■ Supplied data ■
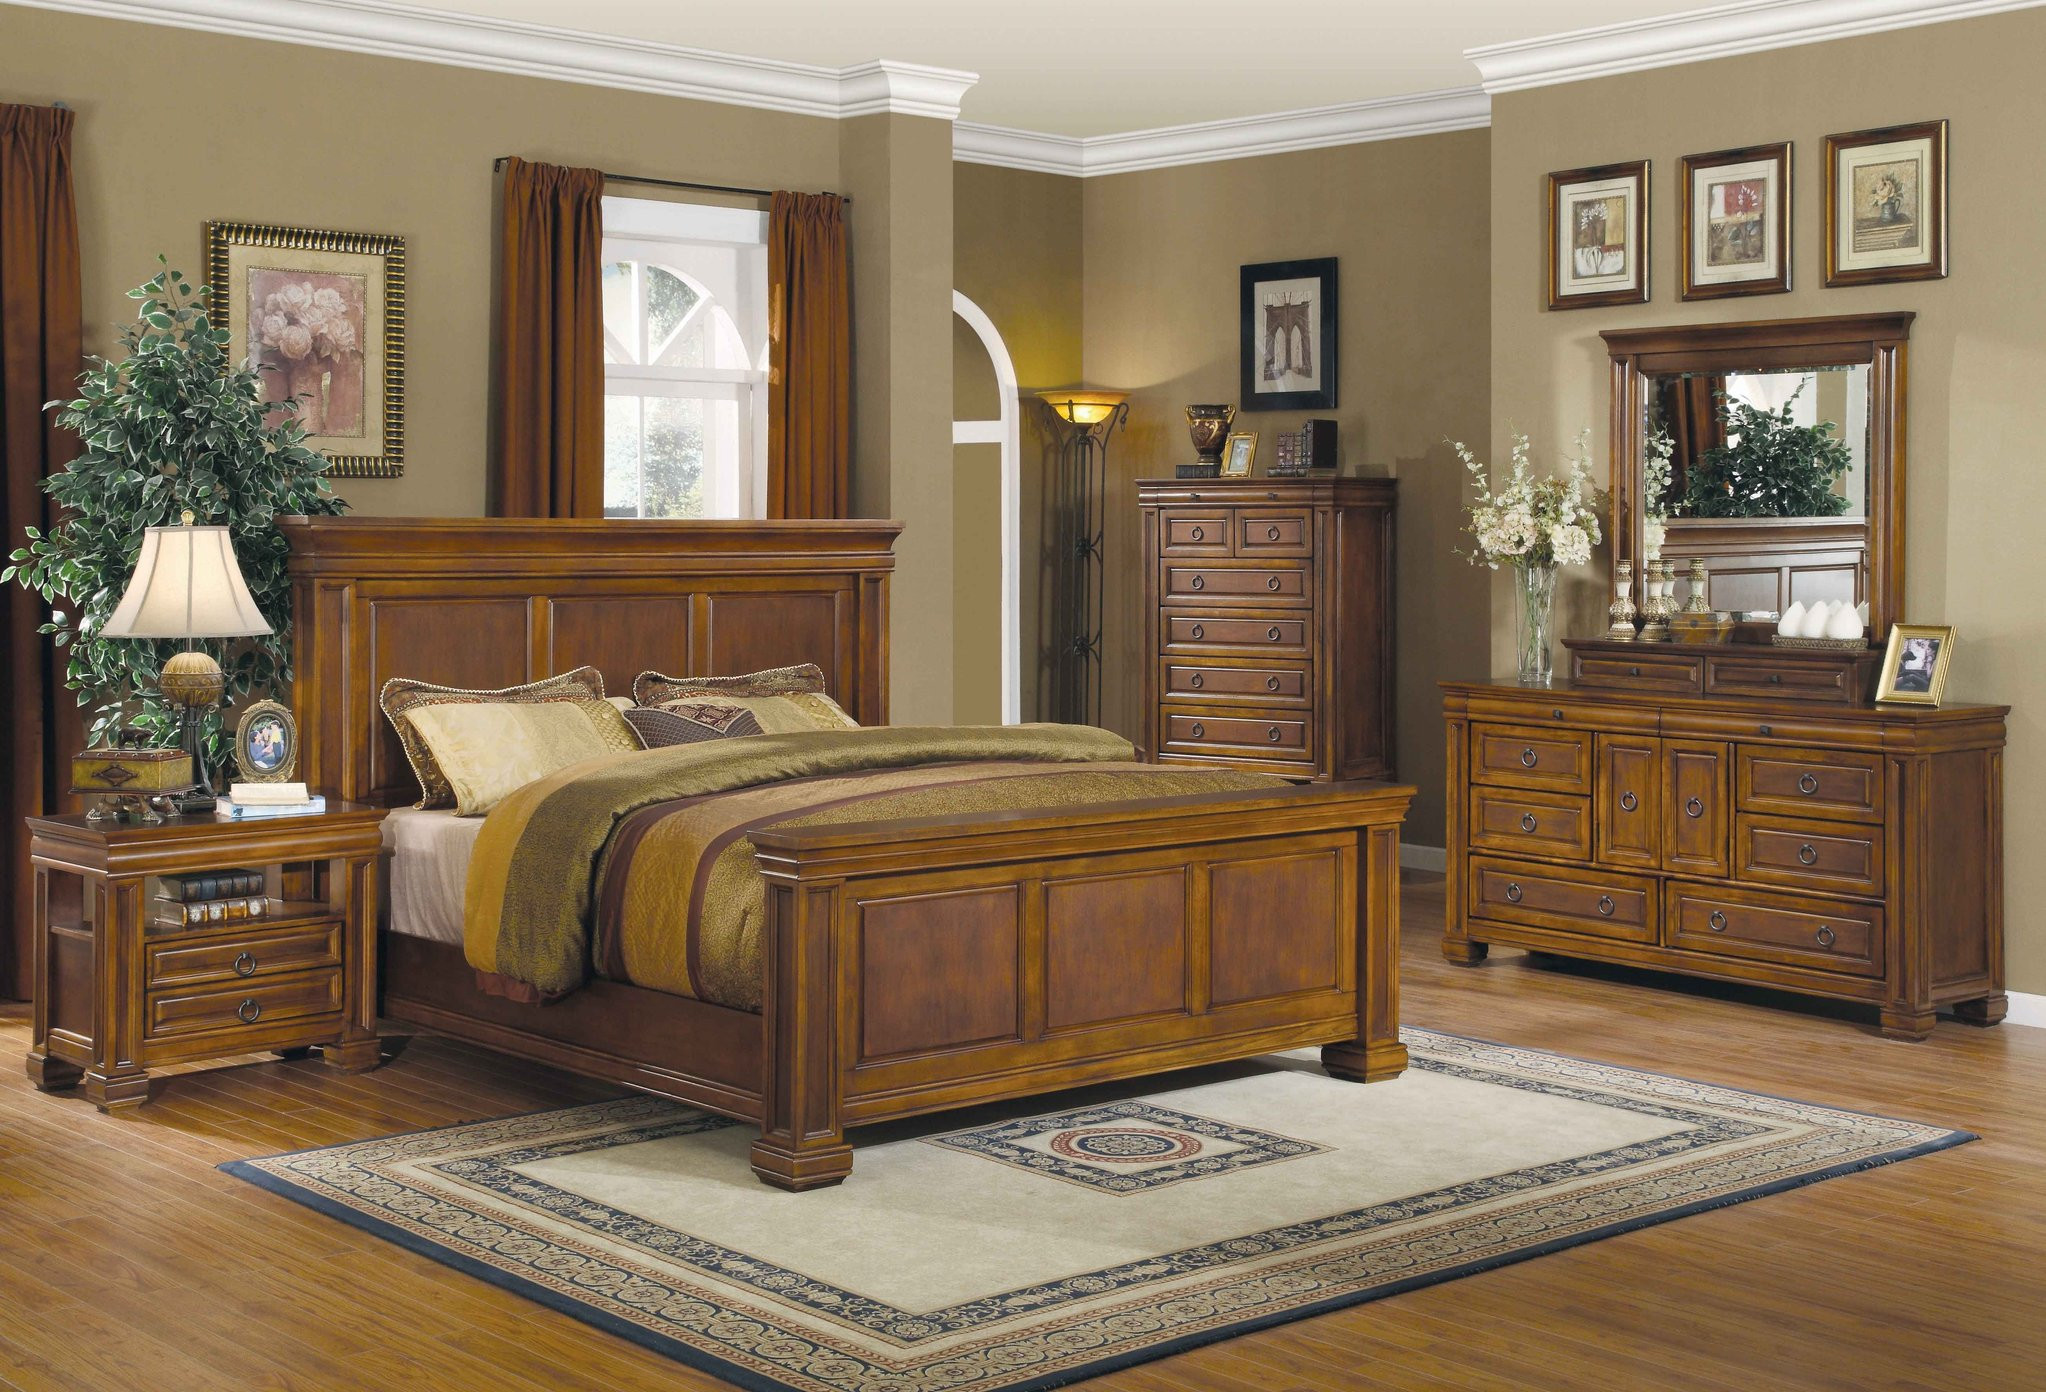 Rustic King Bedroom Sets
 Antique Rustic Bedroom Furniture Wood King and Queen
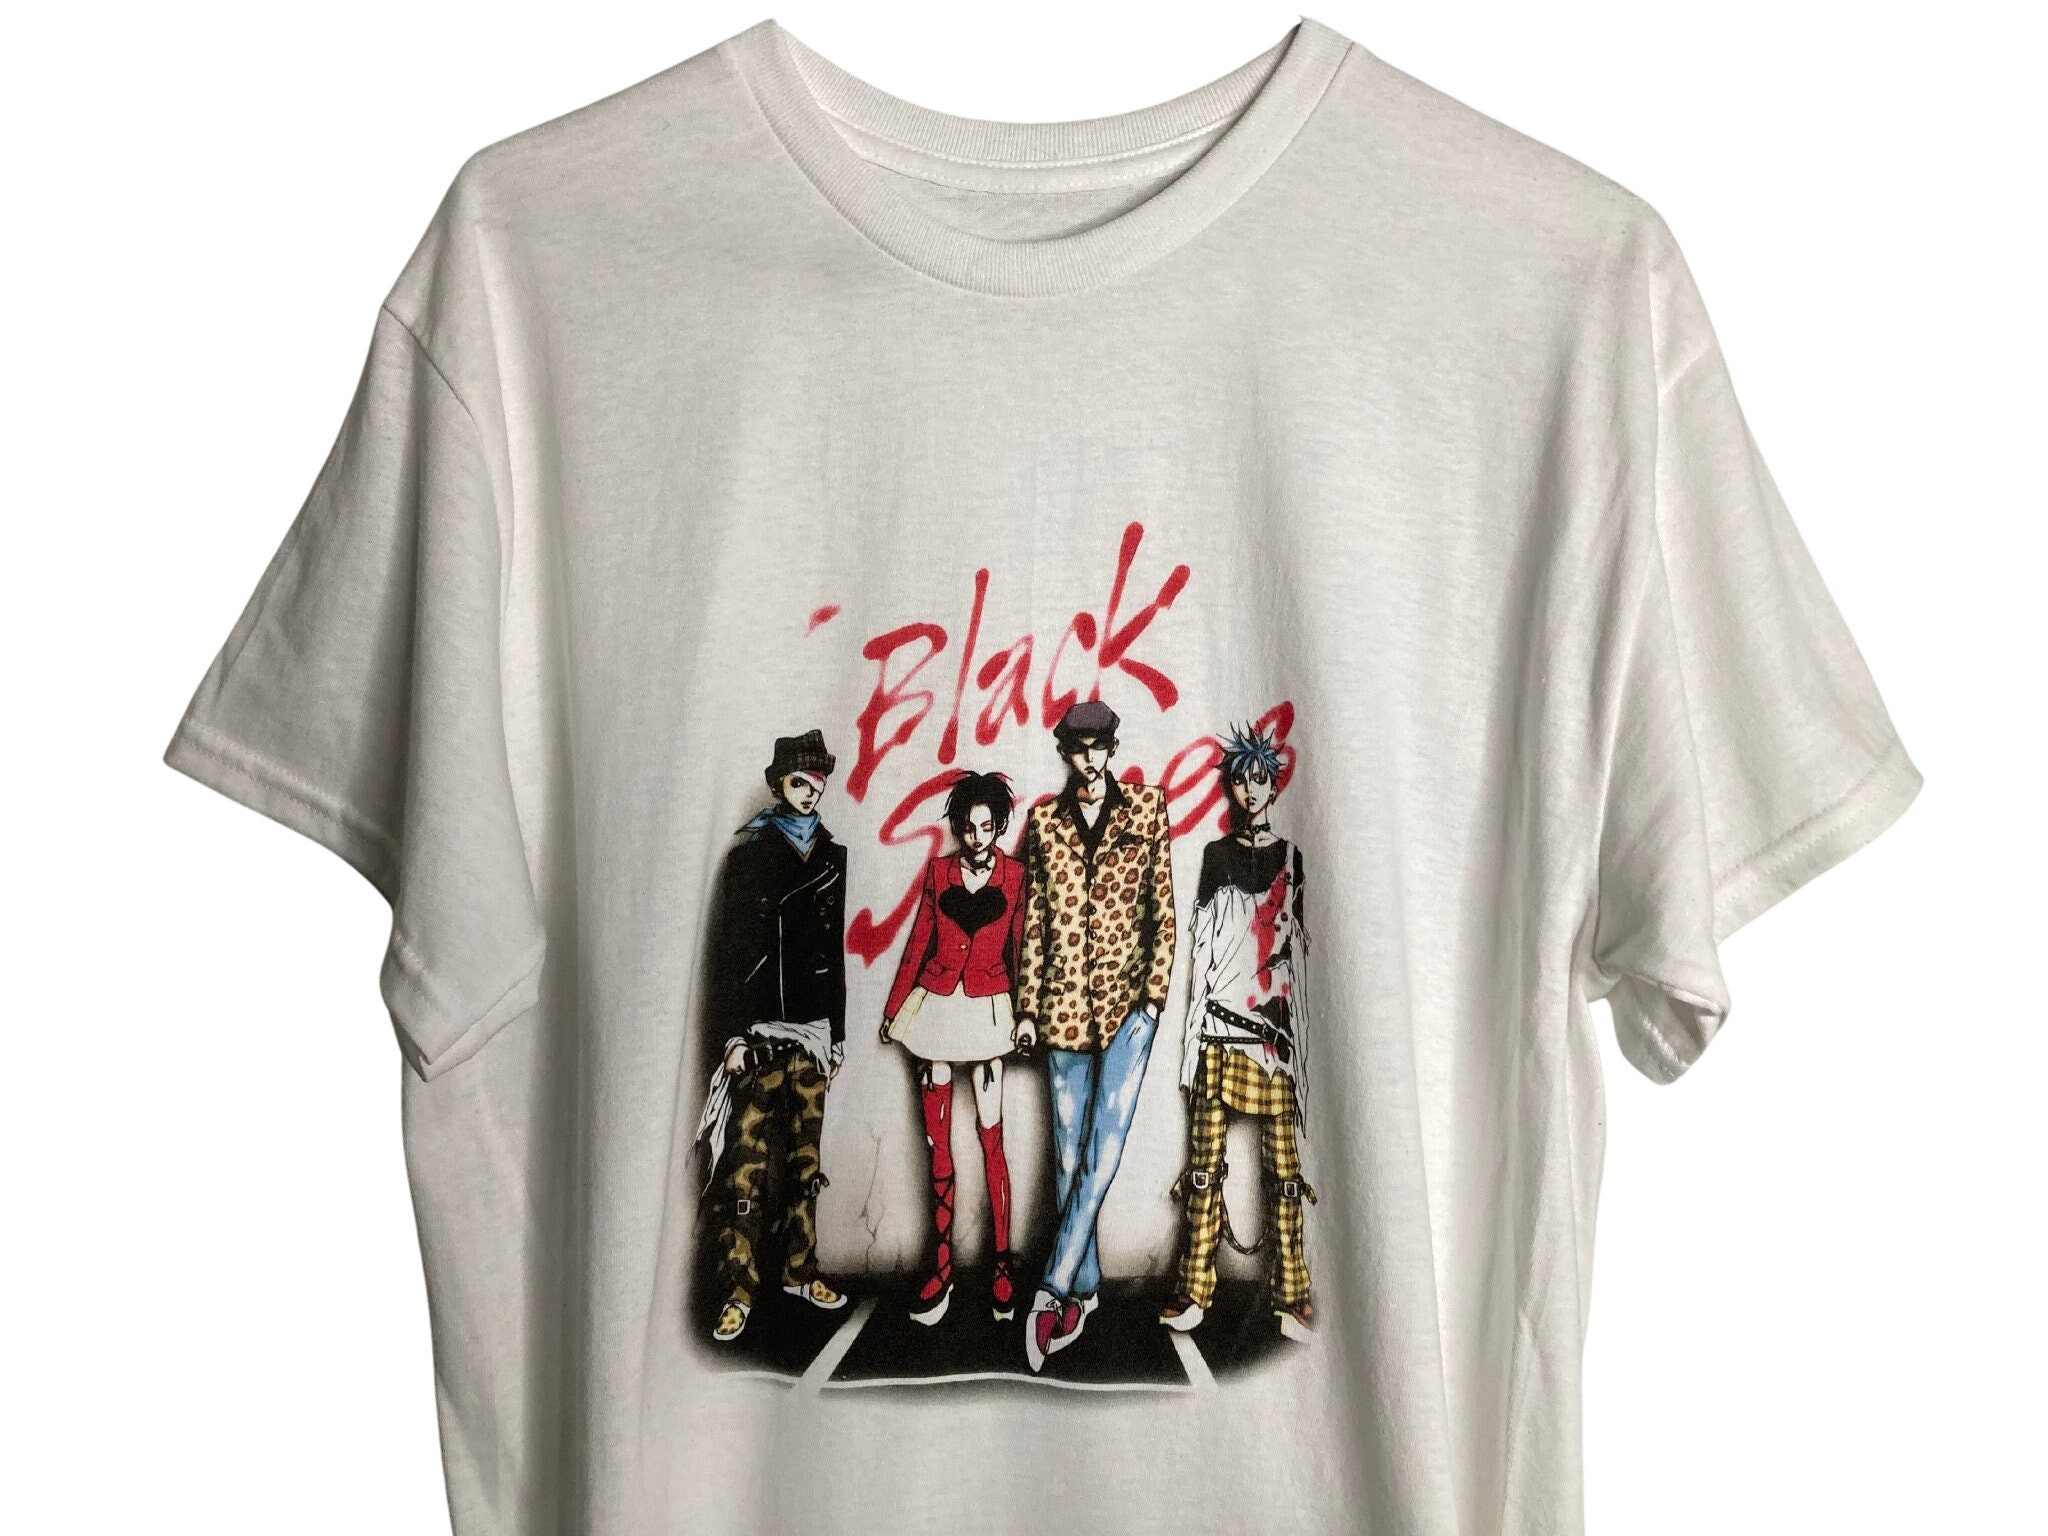 Anime T Shirts Online  Anime T Shirts for Men  Bushirt
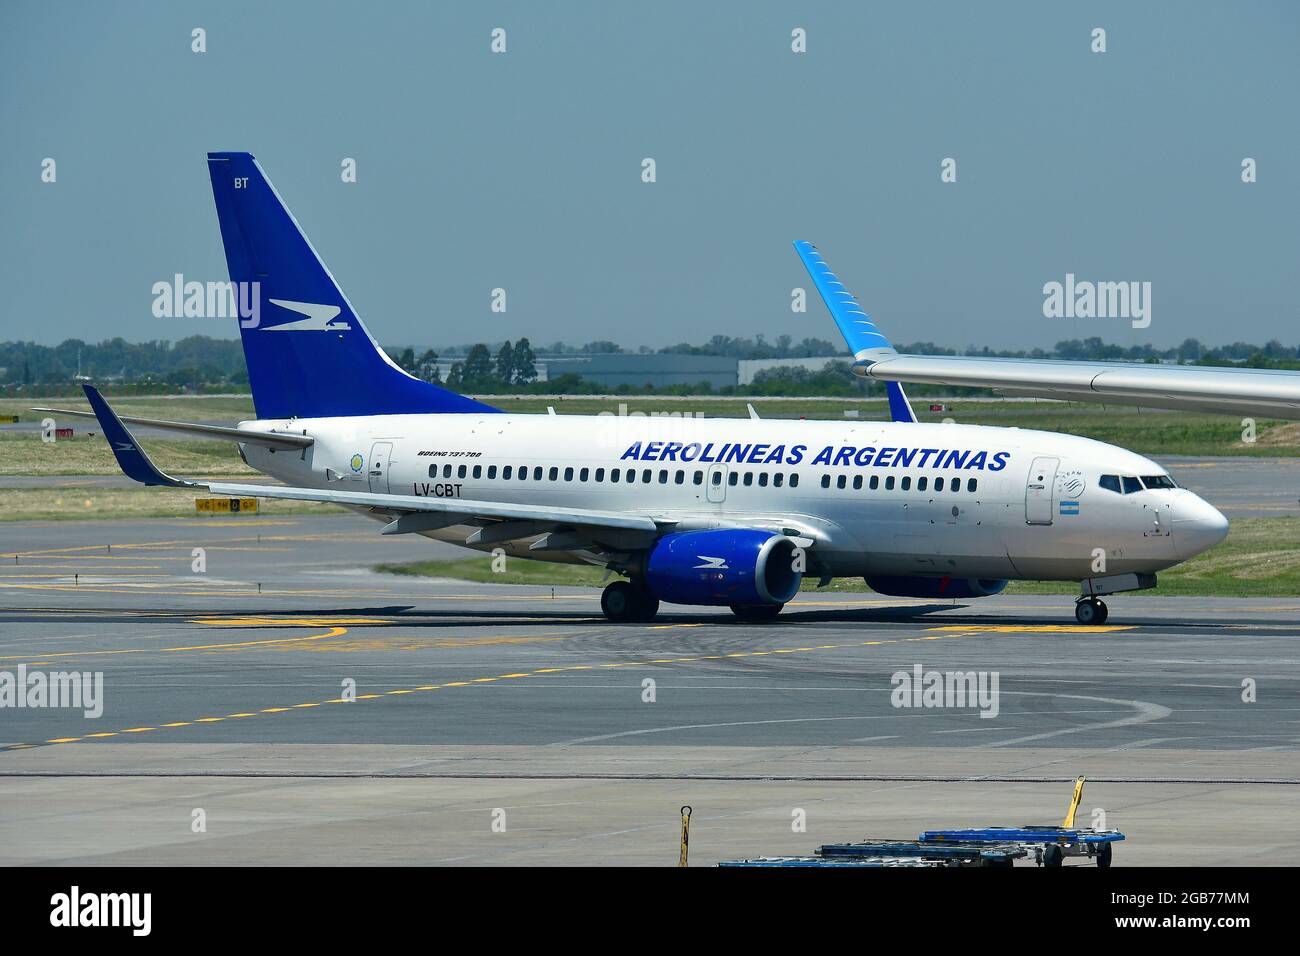 Aerolíneas Argentinas (is Argentina's largest airline), Boeing 737-700 airplane Stock Photo

■ Try it ■
The whole listing must be restated word for word. Leave out any pictures.

■ Solution below ■
 Rustic King Bedroom Sets
 Antique Rustic Bedroom Furniture Wood King and Queen
 Anime T Shirts Online  Anime T Shirts for Men  Bushirt
 Aerolíneas Argentinas (is Argentina's largest airline), Boeing 737-700 airplane Stock Photo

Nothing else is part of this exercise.